The Tri-Delt tradition continued for some time—this photo from 1965 shows a ceremony that looks exactly what Stackpole captured. Today the pansy remains the official Tri-Delt flower and the celebration carries on in name, except it now honors graduating seniors, rather than just young women with rings on their fingers. But on the Instagram feed for the USC Tri-Delts, while there are plenty of pictures of sorority sisters enjoying their lives, it seems that the giant ring of pansies did not make it to the age of social media.

Sorority sisters picked pansies at the Los Angeles Country Club the day before USC’s Tri-Delt Pansy breakfast, 1945.

Peter Stackpole/Life Picture Collection/Shutterstock

The Tri-Delt Pansy Breakfast at USC, 1945.

Peter Stackpole/Life Picture Collection/Shutterstock

The Tri-Delt Pansy Breakfast at USC, 1945.

Peter Stackpole/Life Picture Collection/Shutterstock

Virginia Erickson, engaged to Clair Fledderjohn, walked through a ring of pansies at the Tri-Delt Pansy Breakfast at USC, 1945.

Peter Stackpole/Life Picture Collection/Shutterstock

Eileen Nilsson, engaged to Davis de Aryan, walked through a ring of flowers at the Tri-Delt Pansy Breakfast at USC, 1945.

Peter Stackpole/Life Picture Collection/Shutterstock

Betty Hildreth, who married a naval ensign that March, walked through a ring of pansies at the Tri-Delt Pansy Breakfast at USC, 1945.

Peter Stackpole/Life Picture Collection/Shutterstock

Marilyn Faris, engaged to Lt. Bill Osborn, walked through a ring of pansies at the Tri-Delt Pansy Breakfast at USC, 1945.

Peter Stackpole/Life Picture Collection/Shutterstock

Dora Meredith, engaged to Captain C.B. Hopkins, walked through a ring of pansies at the Tri-Delt Pansy Breakfast at USC, 1945.

Peter Stackpole/Life Picture Collection/Shutterstock

Phyllis Dixon, engaged to Davis Lavelle, walked through a ring of pansies at the Tri-Delt Pansy Breakfast at USC, 1945.

Peter Stackpole/Life Picture Collection/Shutterstock

Virginia Luff, engaged to Lt.
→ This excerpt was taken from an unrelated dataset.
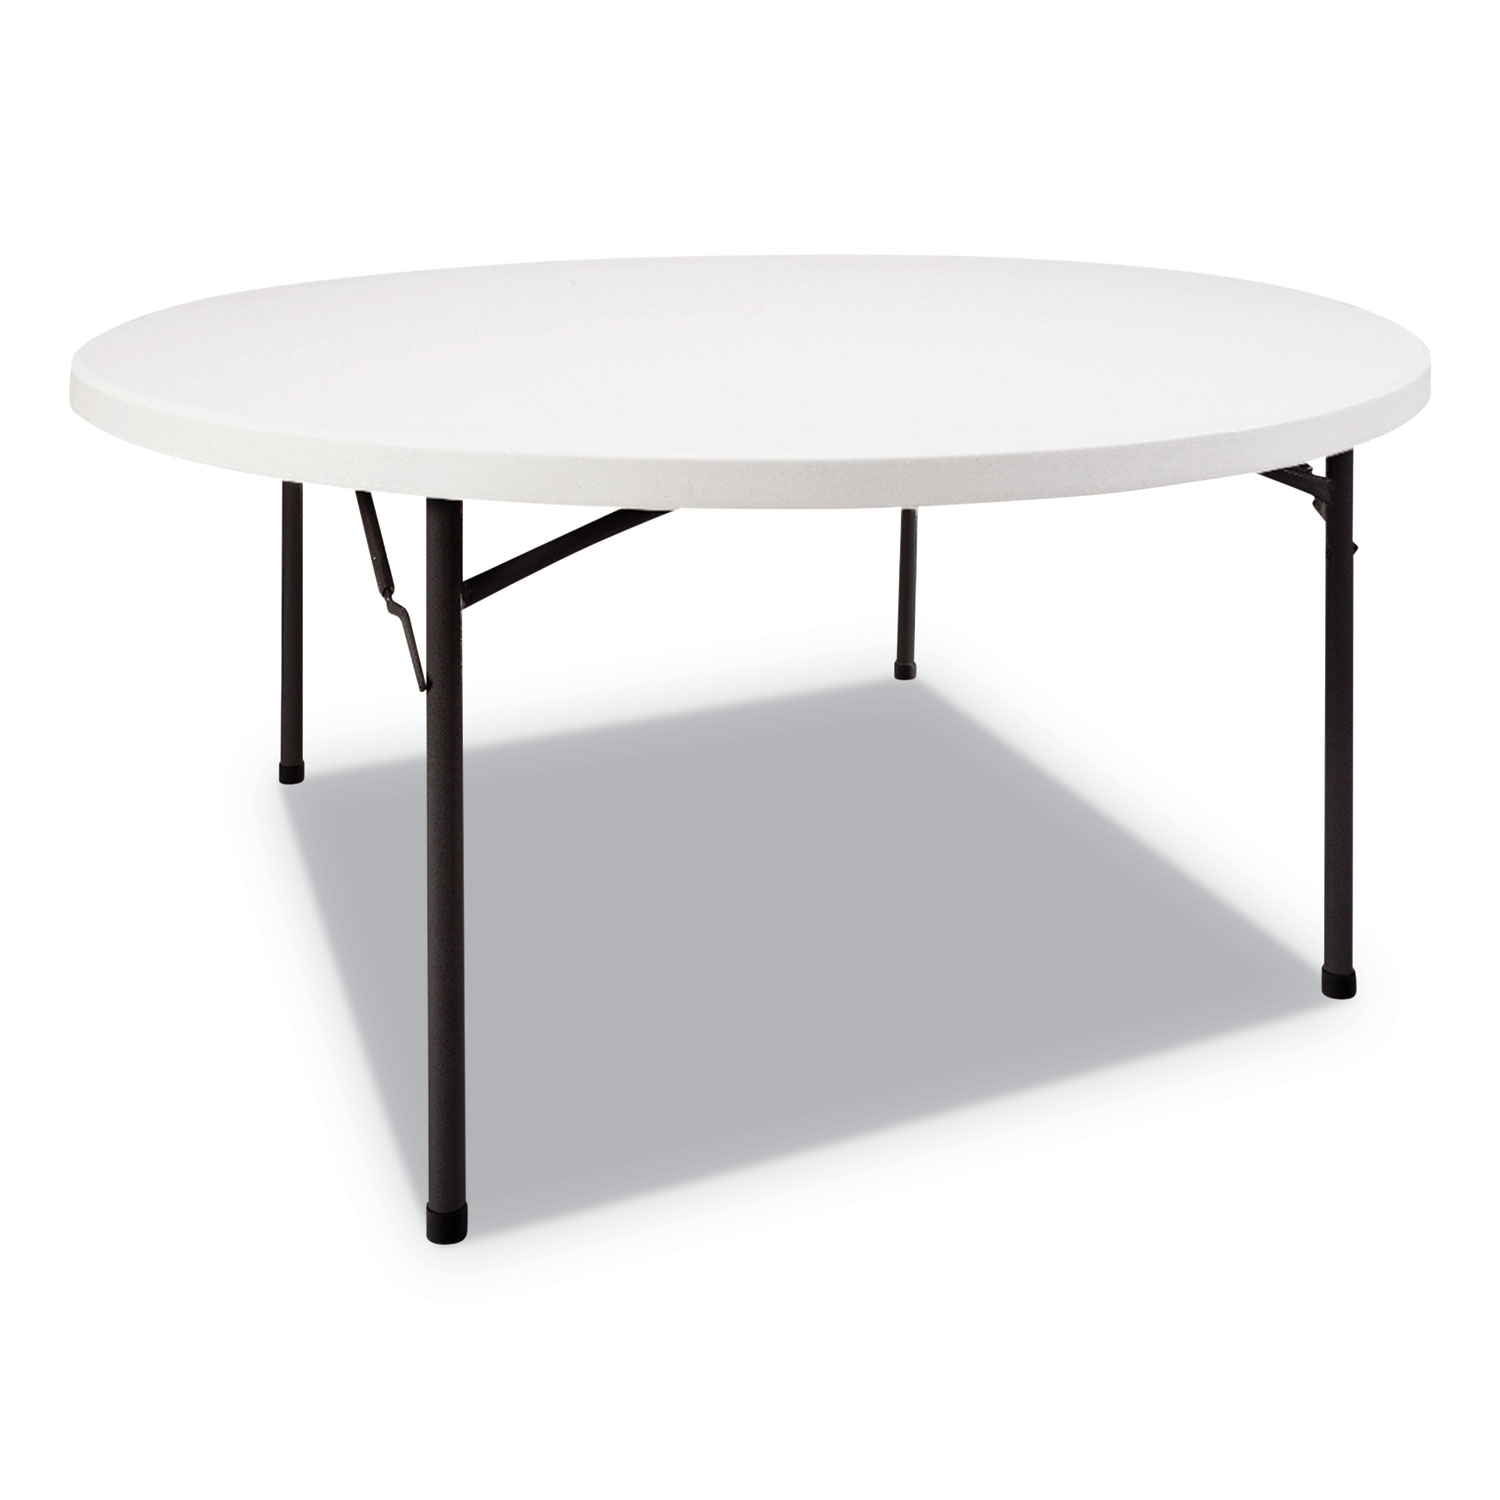 Round Plastic Folding Table, 60 Dia x 29h, White

Elwood Laine, walked through a ring of pansies at the Tri-Delt Pansy Breakfast at USC, 1945.

Peter Stackpole/Life Picture Collection/Shutterstock

Helen Taylor, engaged to Lt. Bob Fogwell, walked through a ring of pansies at the Tri-Delt Pansy Breakfast at USC, 1945.

Peter Stackpole/Life Picture Collection/Shutterstock

An engaged or married senior sorority sister walked through a ring of pansies at the Tri-Delt Pansy Breakfast at USC, 1945.
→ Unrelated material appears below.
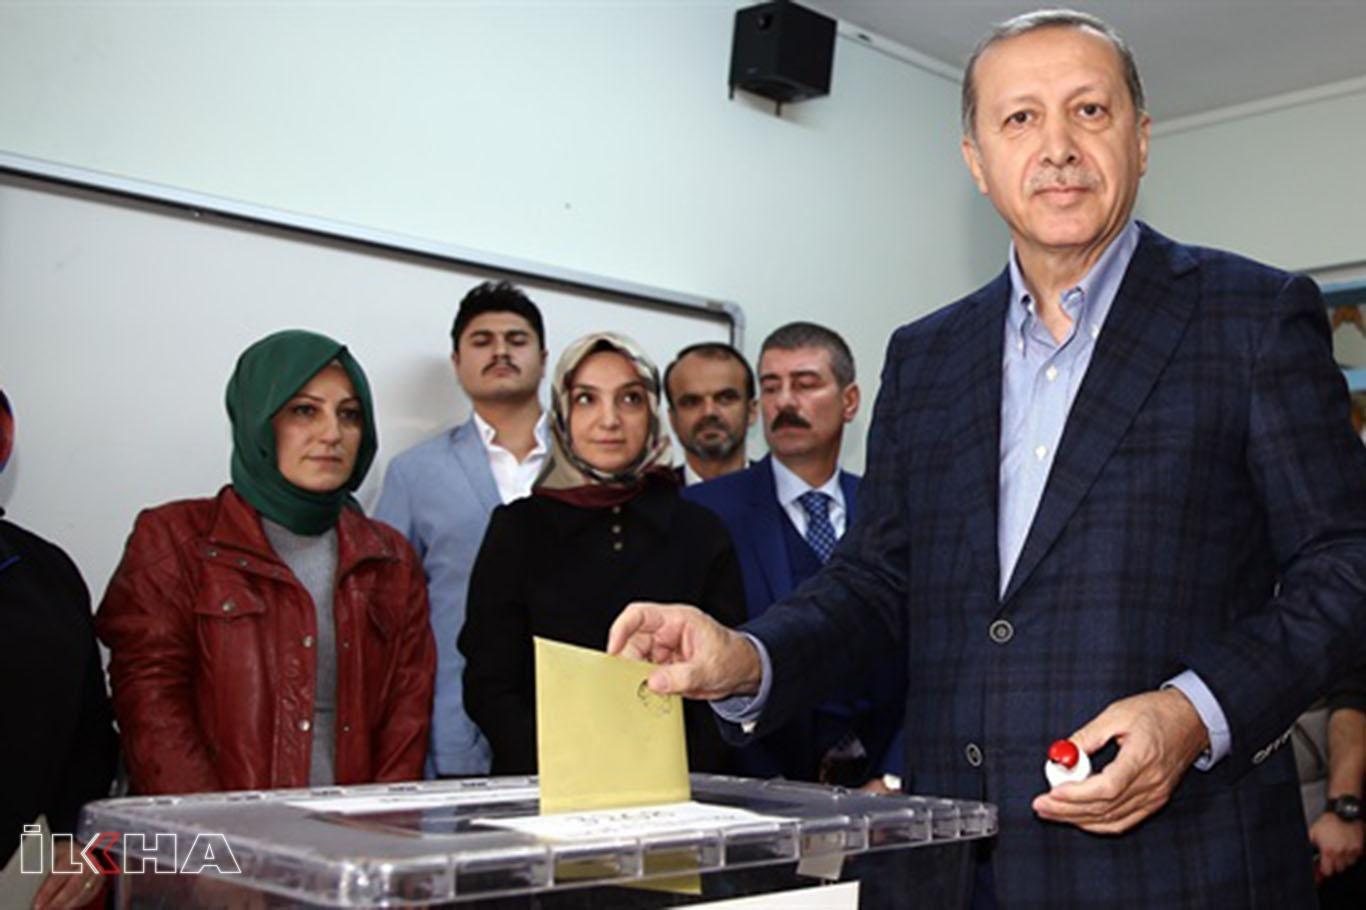 President Erdoğan casts vote in Istanbul

Peter Stackpole/Life Picture Collection/Shutterstock

Clair Eder, engaged to Clifford Barnes, walked through a ring of flowers at the Tri-Delt Pansy Breakfast at USC, 1945.

Peter Stackpole/Life Picture Collection/Shutterstock

USC student Ethel Stevens took a pansy bath during the Tri-Delt Pansy Breakfast weekend, 1945.